* **THE TASK**
Transcribe the data exactly, omitting whatever pictures it holds.

* **SOURCE DATA**
+---+
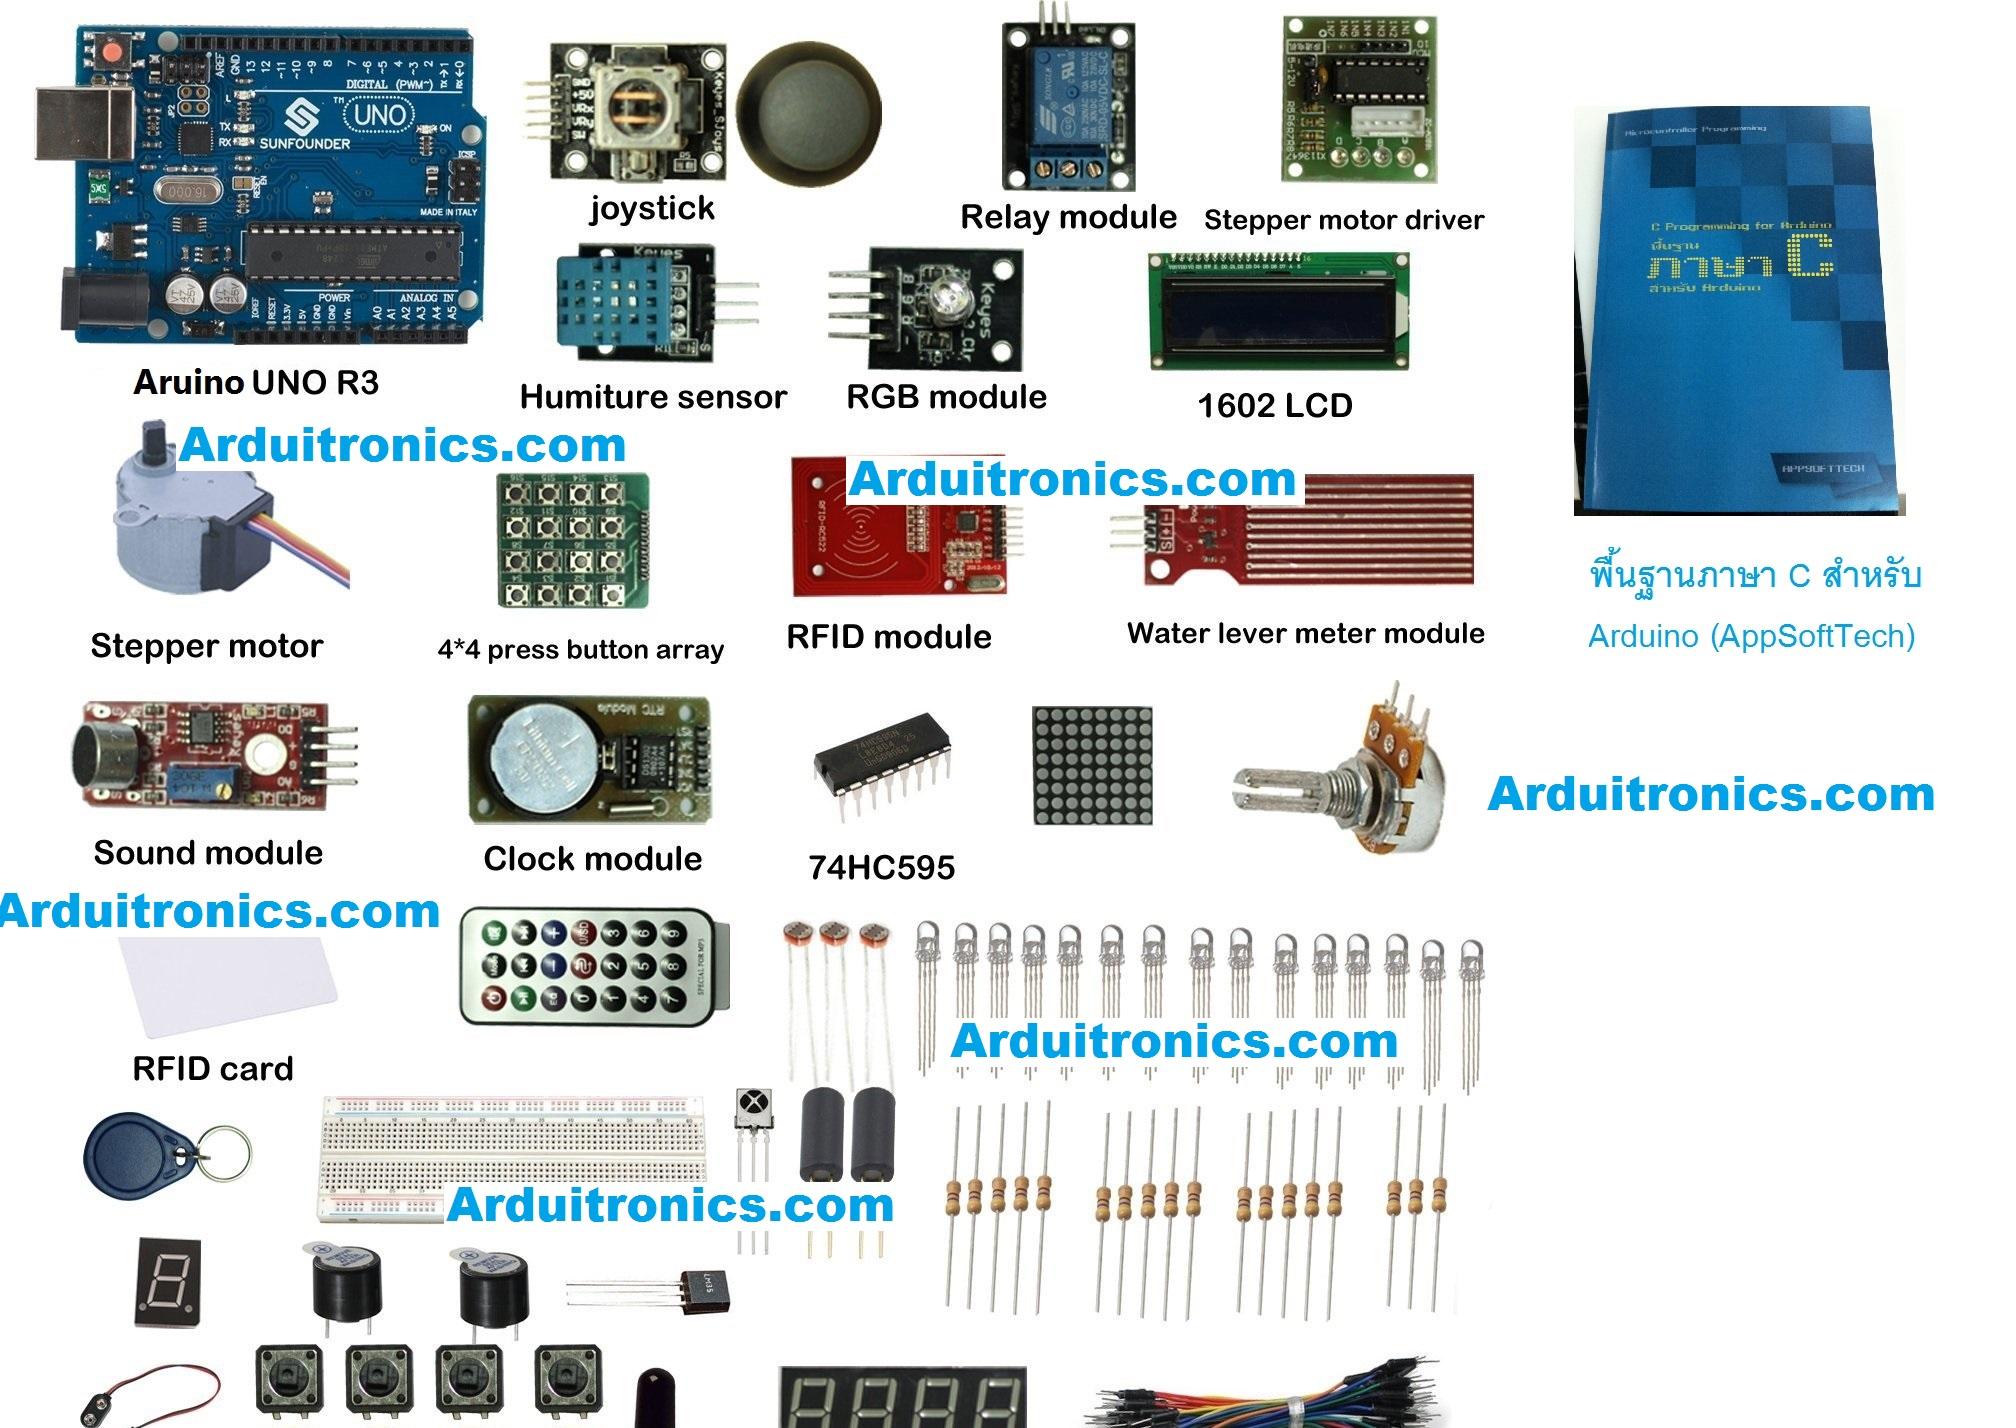 Extreme RFID Learning Kit for Arduino + หนังสือพื้นฐานภาษา C สำหรับ Arduino (AppSoftTech)
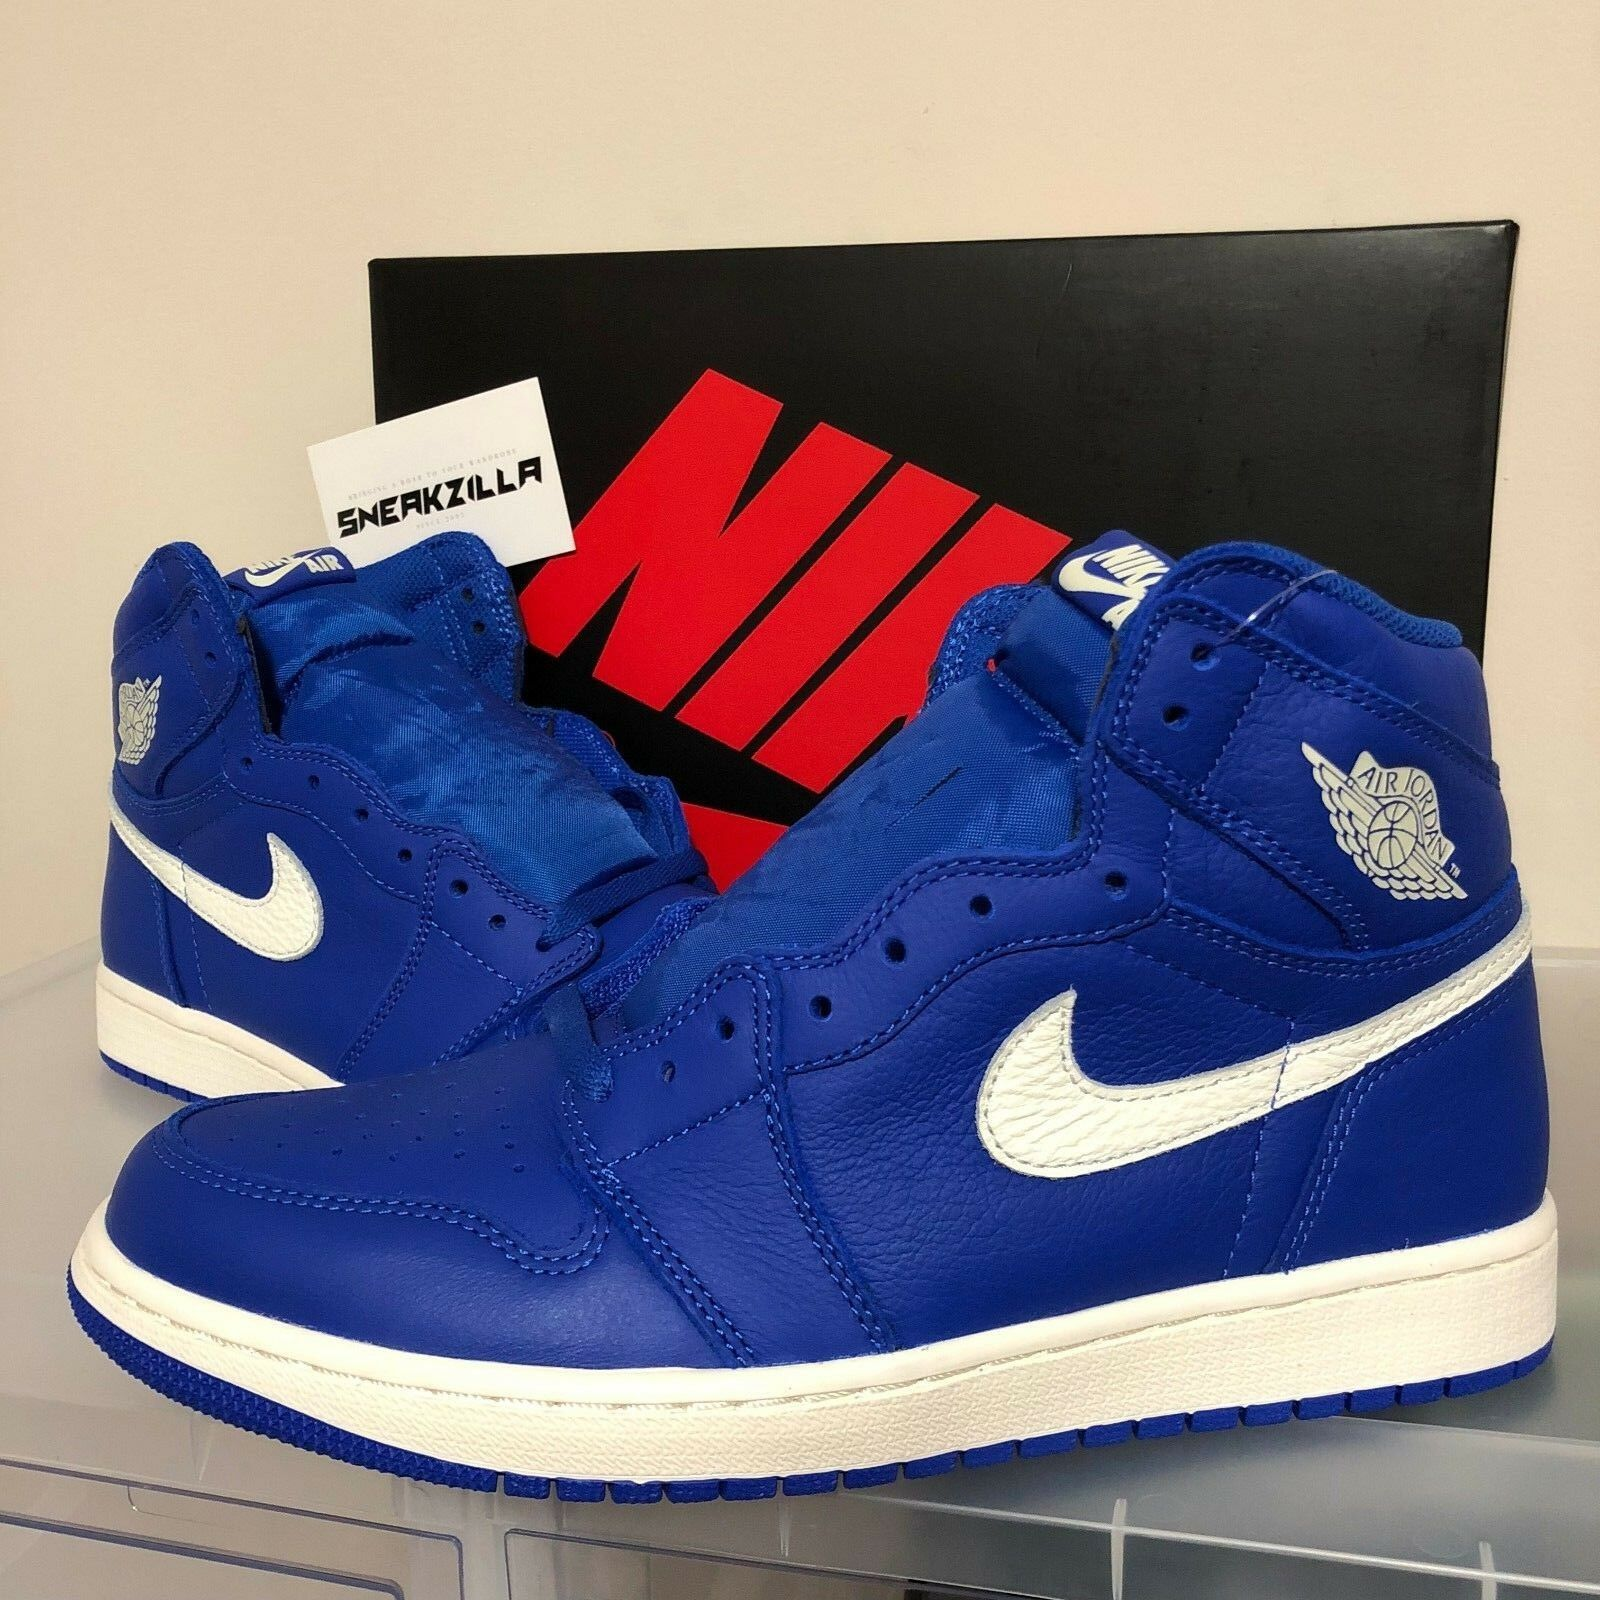 new style 6cece 2b600 ... france nike air jordan retro azul i 1 alta og hyper azul retro real  vela lote
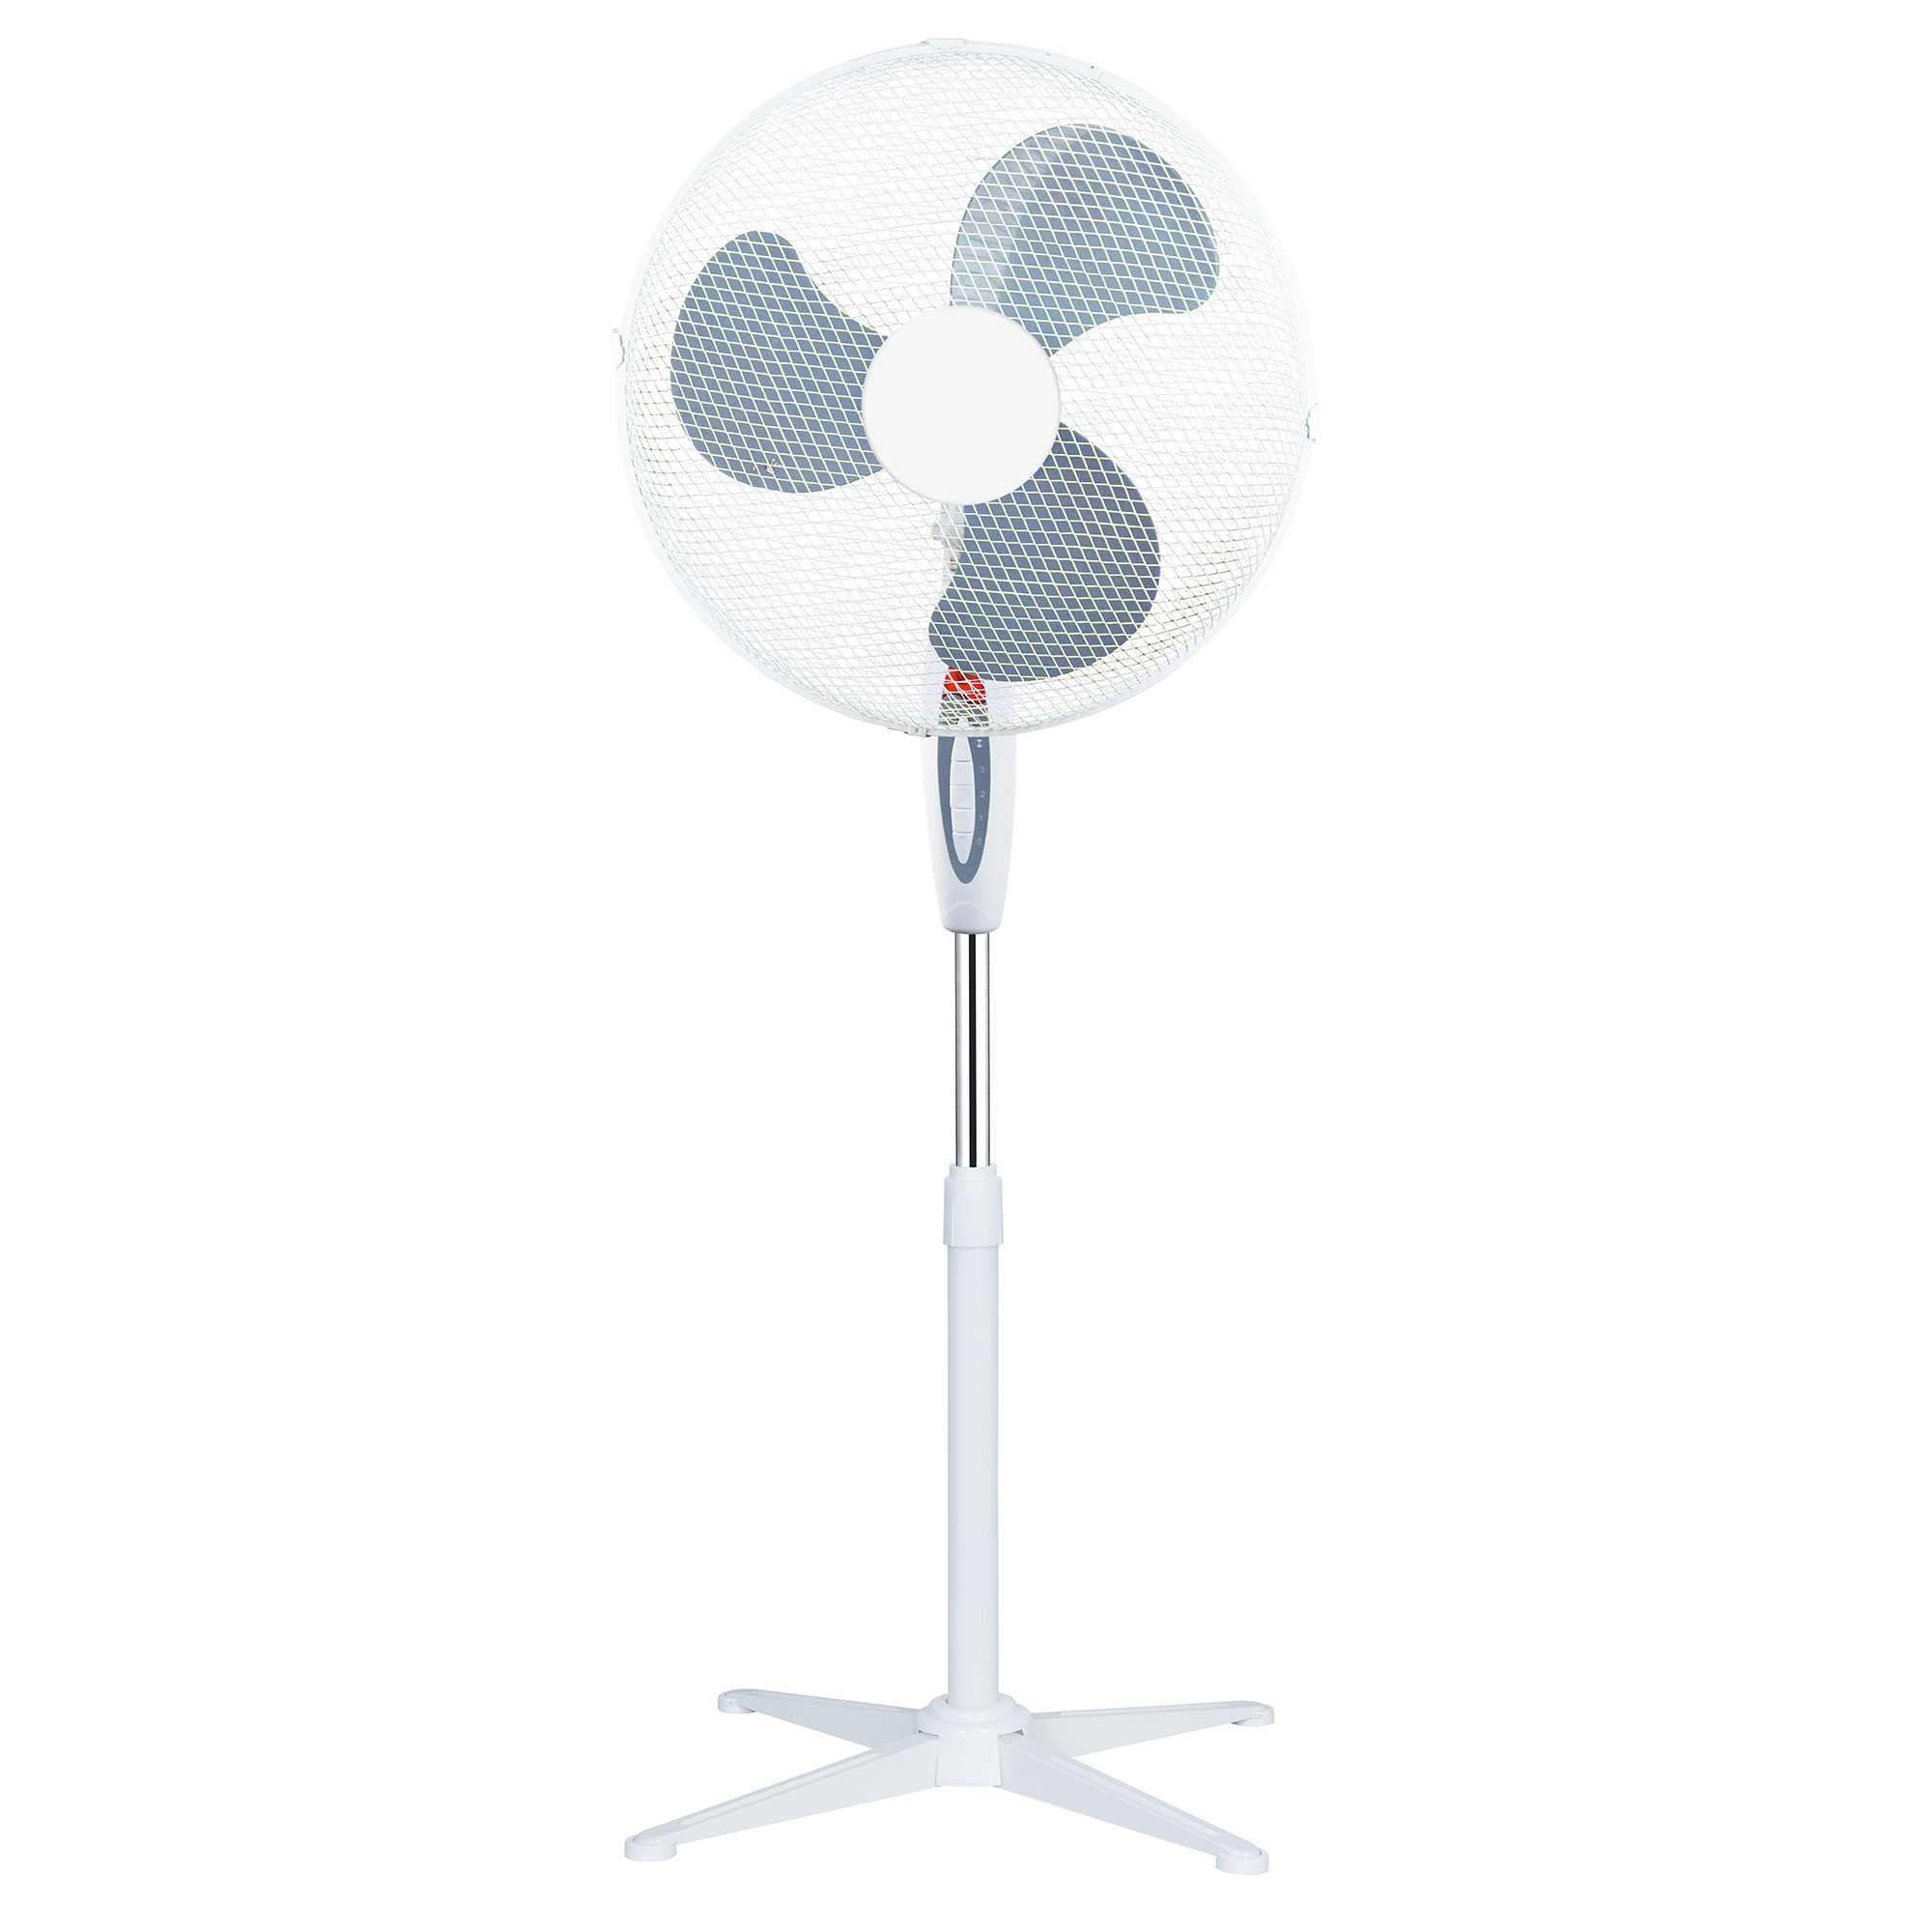 LEX Domácí ventilátor STANDVENTILATOR White
+---+
* **REPLY**
 Extreme RFID Learning Kit for Arduino + หนังสือพื้นฐานภาษา C สำหรับ Arduino (AppSoftTech)
 new style 6cece 2b600 ... france nike air jordan retro azul i 1 alta og hyper azul retro real  vela lote
 LEX Domácí ventilátor STANDVENTILATOR White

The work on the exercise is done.